Creating a graph is done with Graph(). By default, this creates a local graph
which is not synchronized with ZefHub.

z_alice = ET.Employee | g | run  
z_bob = ET.Employee | g | run
z_charlie = ET.Employee | g | run
z_alex = ET.Employee | g | run

z_hr = ET.Department | g | run
z_research = ET.Department | g | run

(z_alice, RT.WorksFor, z_research) | g | run
(z_bob, RT.WorksFor, z_hr) | g | run
(z_charlie, RT.WorksFor, z_hr) | g | run
(z_charlie, RT.WorksFor, z_research) | g | run;

The notation <template> | g creates an Effect to append a single fact to the
graph. We run this effect, and the return value is a ZefRef which is a
reference to that created entity or relation. In this list we have two "types"
which are an entity type ET and a relation type RT. You can think of these
as nearly equivalent to a string naming the type.

z_alice  
    <ZefRef #97 ET.Employee slice=2>  
z_hr  
<ZefRef #171 ET.Department slice=6>  
info

An ET.Something or RT.Something will add a new type or reuse an existing
type. Under the hood, these are tokenized to integers for optimized accesses and
are consistent across different graphs.

Don't be afraid to create new types. As you add new types, they will be added to
your user namespace, and can be later "forgotten" if you would like to clean up
your namespace.

A key difference here to a relational database is that the employee can have
multiple relations to different departments, a feature which typically requires
multiple table rows in a relational database. In the above, Charlie can work for
both the HR and Research departments. In contrast, Alex works for no department
(maybe they are a new hire or an intern).
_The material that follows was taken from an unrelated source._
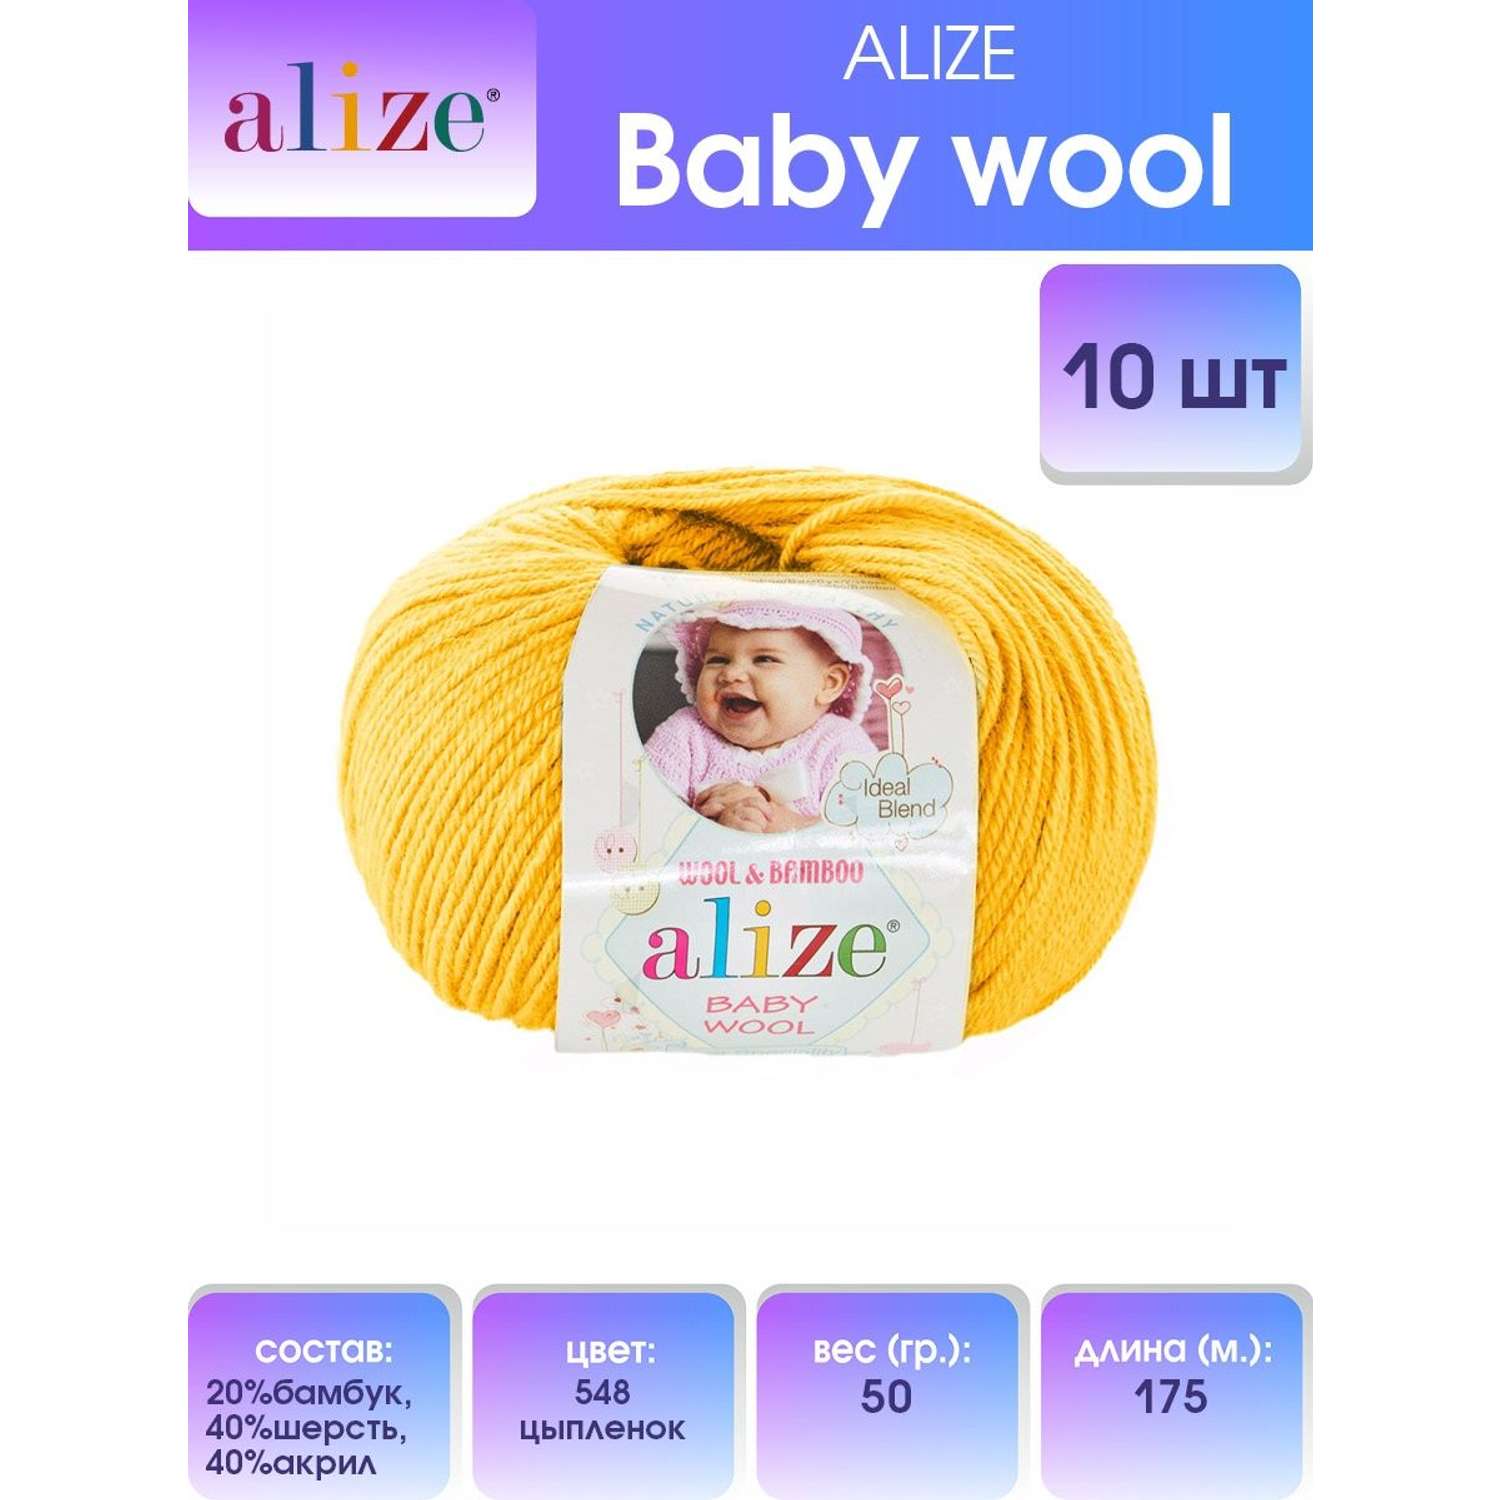 Пряжа для вязания Alize baby wool бамбук шерсть акрил мягкая 50 гр 175 м 548 цыпленок 10 мотков - фото 1

The input of the data above is a little clumsy and verbose. We could compress many of the elements into fewer templates:

g = Graph()  

[z_alice,z_bob,z_charlie,z_alex,
z_hr,z_research] = [ET.Employee, ET.Employee, ET.Employee, ET.Employee,
ET.Department, ET.Department] | g | run

(z_alice, RT.WorksFor, z_research) | g | run
(z_bob, RT.WorksFor, z_hr) | g | run
(z_charlie, RT.WorksFor, [z_hr, z_research]) | g | run;

In the first line, a template consisting of 4 ET.Employees and 2
ET.Departments requests that 6 new entities be created. The return value is
then "unpacked" into 6 different variables. The final line of code creates two
relations from z_charlie to z_hr and z_research.

Even with the compressed syntax there are a couple of problems:

  • it looks confusing
  • multiple database transactions are caused by each ... | g | run.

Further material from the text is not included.